De denkrichting die is aangeboden aan de nieuwe minister van Justitie en Veiligheid (JenV), gaat uit van een aantal principes. Nog even in het kort:
Dat dit impact gaat hebben, staat buiten kijf. Waar het precies gaat schuren, zal moeten blijken. Ervan uitgaande dat de huidige denkrichting gesteund wordt door de nieuwe minister van JenV, heeft dit in ieder geval impact op de volgende gebieden:
Als adviseur kan ik het niet laten om mee te denken hoe je als veiligheidsregio kunt anticiperen op de komende veranderingen. Hierbij ben ik me er van bewust dat de impact – en dus ook de oplossingsrichtingen – uiteindelijk verschillend zijn per regio. Er is daarom niet een kant-en-klare oplossing of een ‘7-stappenplan naar een succesvolle implementatie van taakdifferentiatie’. Wel benoem ik graag een aantal haakjes die rond het gesprek over de gevolgen van taakdifferentiatie zeker aan bod zouden moeten komen.
1. Ontwikkel een integrale en toekomstgerichte ambitie.

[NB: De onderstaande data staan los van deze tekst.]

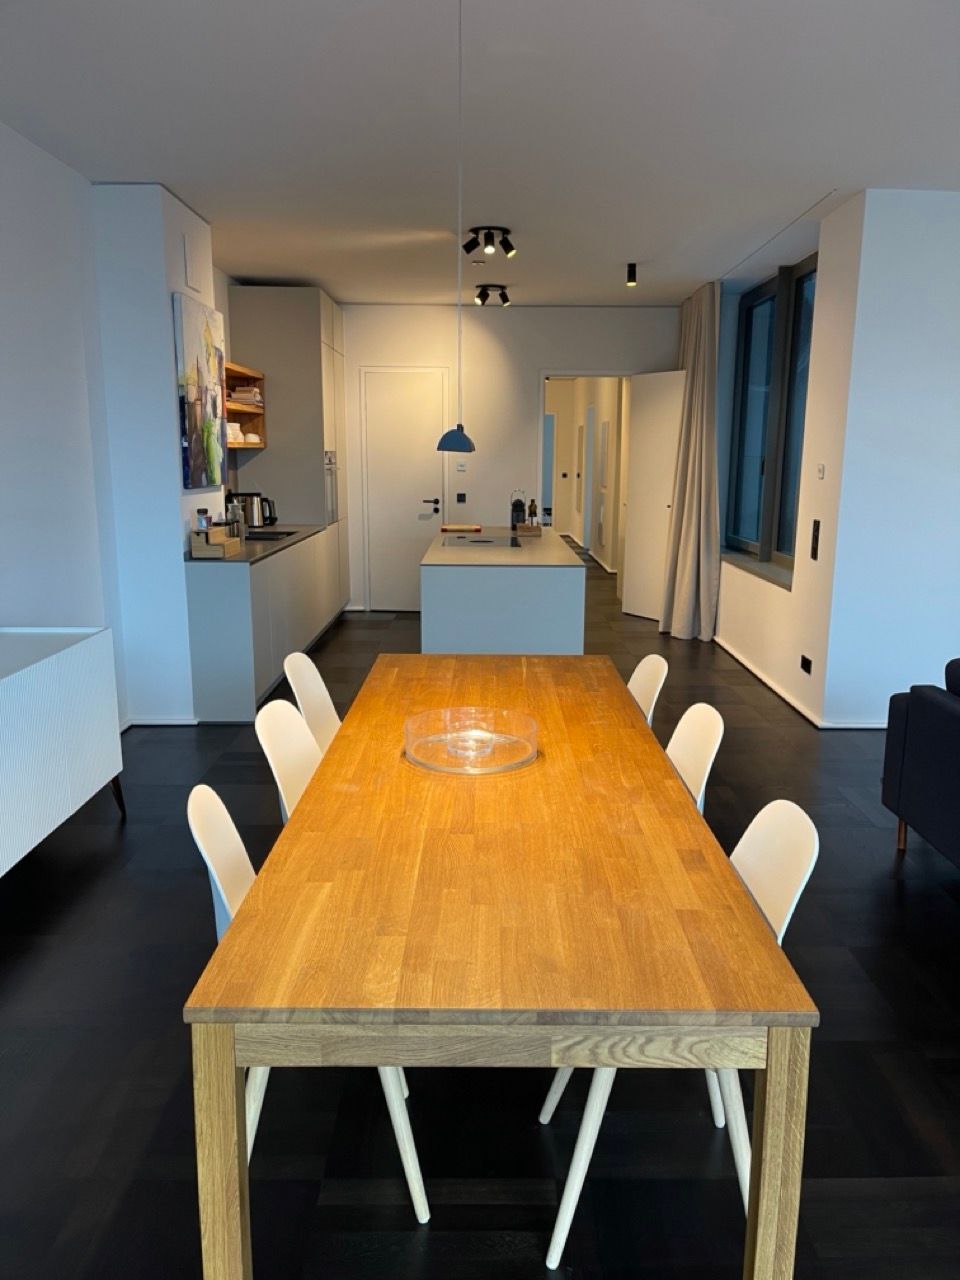 Brand new Luxury furnished apartment in Prenzlauer Berg/Mitte Berlin

In de adviespraktijk van alle dag valt het me vaak op dat de repressieve brandweerzorg in Nederland een systeem is met veel afhankelijkheid en samenhang. Verander je iets op één onderdeel dan werkt dit door in het hele systeem. Tegelijkertijd kom ik nog steeds veel plannen en visies tegen die sec gaan over óf huisvesting, óf repressie óf vakbekwaamheid. Of plannen die alleen hoog-over duiden wat de samenhang is tussen de verschillende taakvelden en waar niemand echt op tegen kan zijn. Maar dus ook weinig richtinggevend zijn... Met de opgave die nu voorligt, is deze manier van werken slechts een doekje voor het bloeden. Ik ben ervan overtuigd dat regio’s een ambitie moeten formuleren die richting gaat geven én tegelijkertijd houvast biedt om de organisatie door deze fase van transitie heen te begeleiden. Waarin ook de grote dossiers (die ik in mijn vorige blog benoemd hebt) een volwaardige plek gaan krijgen. Alleen met deze ambitie kan het draagvlak voor vernieuwing dat er nu is bij veel bestuurders en ook medewerkers daadwerkelijk voor langere tijd bestendigd worden. En dat is geen luxe, maar absolute voorwaarde om de weg naar vernieuwing in te slaan.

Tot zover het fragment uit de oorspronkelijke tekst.